# Squatting Rights in Costa Rica



## outskirts (Feb 23, 2013)

This is quite interesting. It appears that squatting is part of the normal fluctuations of land ownership in Costa Rica.
Just google "squatters rights costa rica" and you'll find plenty of links on this, most are about what counter measures and time limitations property owners have to deal with squatters. Which we could still learn from ... but I'm not sure how this all applies to foreigners. Many of the absent landowners are foreigners, what do Ticos care about foreigners squatting on another foreigner's land?

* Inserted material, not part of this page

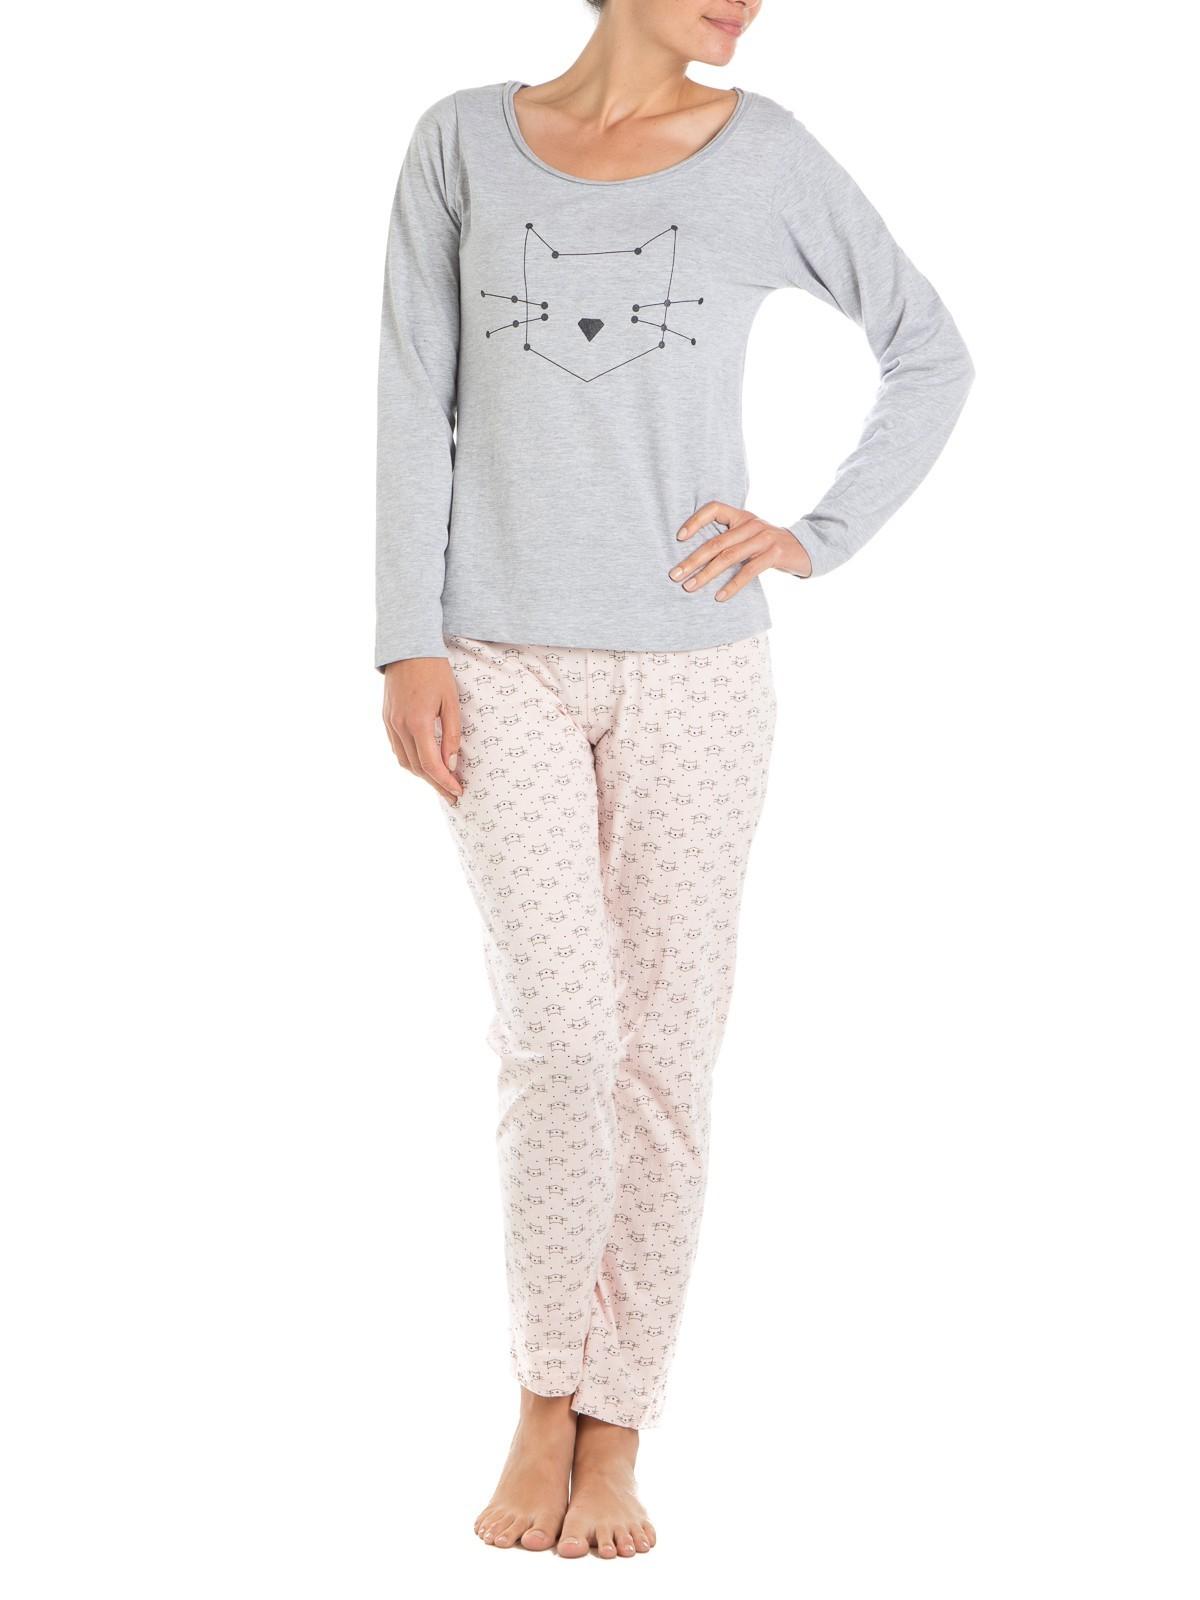 dernière vente extrêmement unique Découvrez Pyjama femme imprimé chat graphique - DistriCenter
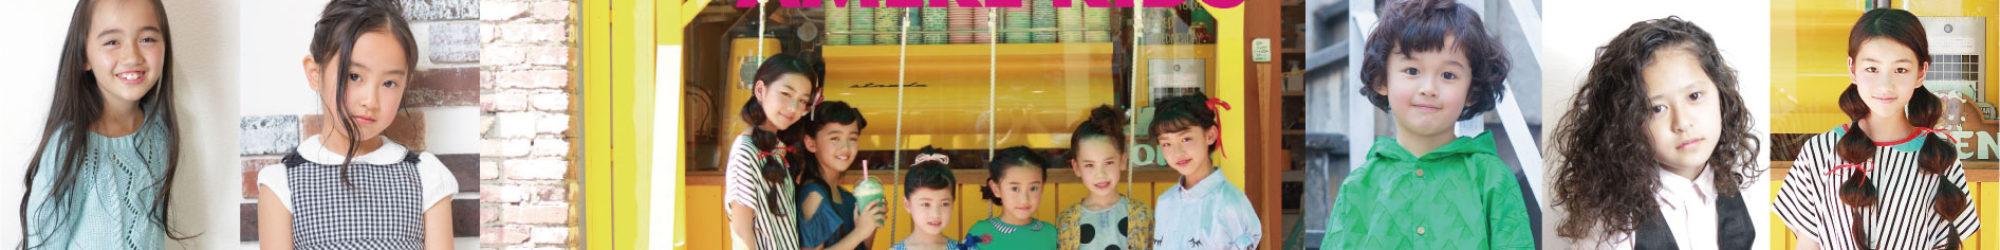 キッズファッション情報誌AMERE KIDS

http://inews.co.cr/expert-advice/co...sta-rica-squatters-and-possession-rights.html


*Protecting Land and Property in Costa Rica - Squatter's and Possession Rights*








Category: Real Estate in Costa Rica
Published on Thursday, July 22 2010 17:08
Hits: 1462
Most foreigners owning property in Costa Rica don't have to worry much about these issues, however you should be aware of them. Historically, Costa Rica has had a bias towards people actually using the land. This stems from Colonial times, when most settlers were not “conquistadors” looking for glory and gold, but farmers looking for land.
Costa Rica's possession rights laws avoid the situation that caused peasant uprising throughout South America, when vast tracts of arable land lay unused and poor (hungry) campesinos were unable to plant even small plots for their sustenance.
In Costa Rica there are several phases of possession:

*0-3 months – *Any land that is unclaimed or has fallen into disuse may be claimed. The person wishing to claim the land moves in and puts in or repairs fences, cleans up the underbrush and normally plants a crop – beans are good, but any crop will do. They normally erect some type of shelter or a small house. This is the time period that the current owner has to evict the invader. Within the first 24-48 hours of the invasion, the land owner can bring the police directly to property and evict the squatter, no paperwork or filing is necessary. After this point and up to the 3 month period the legitimate owner may reverse the invasion, but each day that goes by the reversal becomes more difficult. The police may require a judicial order before taking action.
*3 months to 3 years* – After three months the squatter begins acquiring rights to the property. The longer the dispute rages, the harder it is for the owner of the property to successfully evict the squatter. This is a murky situation, if you are involved in this type of dispute you need expert legal advice as soon as possible.
*3 years to 10 years -* At this point is nearly impossible to evict the squatter, however they may not register the property as titled land. They will own possession rights, which may be registered in the National Registry. These rights may be bought and sold – or transferred through an inheritance or any type of exchange. Foreigners may purchase possession rights too.
*10 years and beyond – *Possession rights may now be converted to property title. Many, many campesinos have held possession rights for decades, and never converted them to full title due to lack of money. Also they would be recognized as the owner by their neighbors and would not need the protection of a property title. Many farms in rural areas are purchased by corporations and foreigners, paying the value to the farmer for these possession rights. The investor will enlist the cooperation of the farmer in converting the possession rights to titled land. This can be immediately profitable to the investor, who may then sell the titled land at its full value - particularly when it is located in tourism areas that are developing.
*Protecting Your Property from Squatters*

The vast majority of property owners in Costa Rica will not face the possession rights issue. However foreign property owners who are absentee owners, particularly those who own property in rural areas, are at risk. There are a number of ways to protect your property.
First, be very aware of the maintenance of the property. A property that is well kept will not attract the attention of possible squatters as readily. Secondly, the first three month period is very important. Ideally you should have someone who can inspect the property on weekly basis, or monthly basis. 3 months is the outside limit for taking corrective action that can be resolved relatively quickly. Beyond the 3 month mark things get much harder. One option for protection is to rent land for a nominal value to a neighbor who will utilize it for crops or live stock. They will not allow anyone else to usurp the land for other uses, and if your neighbor is trustworthy they will not usurp it themselves. However the rental contract and receipts provide a solid means of protection from this possibility.
In addition to protecting your property from physical squatters, you should protect it from virtual squatters. Please see this article on Registry Fraud for methods and details. The Private Property Registry protects you from these dangers, it would also alert you to any attempt that is more direct than squatting on the rights to your property. Click here, How PPR Works , to find out how the service works.


----------



## zephyr23 (Feb 23, 2013)

I looked it into it when i was down their because me and my girl lived their for three months.....it not easy for ppl not native to costa rica.....the reason they have it is for tico to get their land back from white ppl. also costa rica law is that you need to leave costa rica after three month if you dont you will be deported. so i hope that helps.


----------



## outskirts (Feb 23, 2013)

Thanks for clearing that up for us.


----------



## iamwhatiam (Feb 24, 2013)

good luck...i'm sure it's possible, but nowadays foreign landowners are more privy to that and have friends or neighbors check on their land every so often to run squatters off it. there's a lot more hotels and resorts buyin up the land there too, it sucks. costa rica isn't that cheap either. oh....and every 3 months, you can just leave to panama or nica for a few days and re-enter the country for another 3 months, and keep doing that


----------